▶ [RECORDS SUPPLIED]:
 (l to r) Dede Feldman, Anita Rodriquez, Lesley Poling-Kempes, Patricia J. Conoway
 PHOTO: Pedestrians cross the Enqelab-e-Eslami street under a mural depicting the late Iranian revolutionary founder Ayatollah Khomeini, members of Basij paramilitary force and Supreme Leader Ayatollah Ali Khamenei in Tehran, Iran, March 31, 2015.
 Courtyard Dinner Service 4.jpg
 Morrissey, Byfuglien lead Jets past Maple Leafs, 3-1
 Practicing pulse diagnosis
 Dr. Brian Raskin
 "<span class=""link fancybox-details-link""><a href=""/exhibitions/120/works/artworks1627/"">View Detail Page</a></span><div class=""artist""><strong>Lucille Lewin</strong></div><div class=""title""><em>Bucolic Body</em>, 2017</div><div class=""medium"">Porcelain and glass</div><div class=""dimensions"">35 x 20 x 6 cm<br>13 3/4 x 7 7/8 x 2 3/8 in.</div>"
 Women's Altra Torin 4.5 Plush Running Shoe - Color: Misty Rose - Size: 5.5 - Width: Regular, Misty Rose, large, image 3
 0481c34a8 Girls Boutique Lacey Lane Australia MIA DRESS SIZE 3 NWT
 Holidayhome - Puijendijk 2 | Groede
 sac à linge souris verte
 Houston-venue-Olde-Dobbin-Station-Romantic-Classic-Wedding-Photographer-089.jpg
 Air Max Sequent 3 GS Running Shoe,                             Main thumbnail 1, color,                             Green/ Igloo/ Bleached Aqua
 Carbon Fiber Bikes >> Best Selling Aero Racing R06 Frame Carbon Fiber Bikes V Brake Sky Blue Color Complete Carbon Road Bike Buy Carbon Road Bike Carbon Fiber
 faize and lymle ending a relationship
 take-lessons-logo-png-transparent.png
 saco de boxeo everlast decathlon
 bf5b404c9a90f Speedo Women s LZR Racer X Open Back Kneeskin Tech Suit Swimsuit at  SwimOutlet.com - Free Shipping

▶ [WORK REQUEST]:
Each line from the line holding "0481c34a8 Girls Boutique" through the end of the material above is to be printed exactly, both ends included, and no other line is to appear.

▶ [RESPONSE BELOW]:
 0481c34a8 Girls Boutique Lacey Lane Australia MIA DRESS SIZE 3 NWT
 Holidayhome - Puijendijk 2 | Groede
 sac à linge souris verte
 Houston-venue-Olde-Dobbin-Station-Romantic-Classic-Wedding-Photographer-089.jpg
 Air Max Sequent 3 GS Running Shoe,                             Main thumbnail 1, color,                             Green/ Igloo/ Bleached Aqua
 Carbon Fiber Bikes >> Best Selling Aero Racing R06 Frame Carbon Fiber Bikes V Brake Sky Blue Color Complete Carbon Road Bike Buy Carbon Road Bike Carbon Fiber
 faize and lymle ending a relationship
 take-lessons-logo-png-transparent.png
 saco de boxeo everlast decathlon
 bf5b404c9a90f Speedo Women s LZR Racer X Open Back Kneeskin Tech Suit Swimsuit at  SwimOutlet.com - Free Shipping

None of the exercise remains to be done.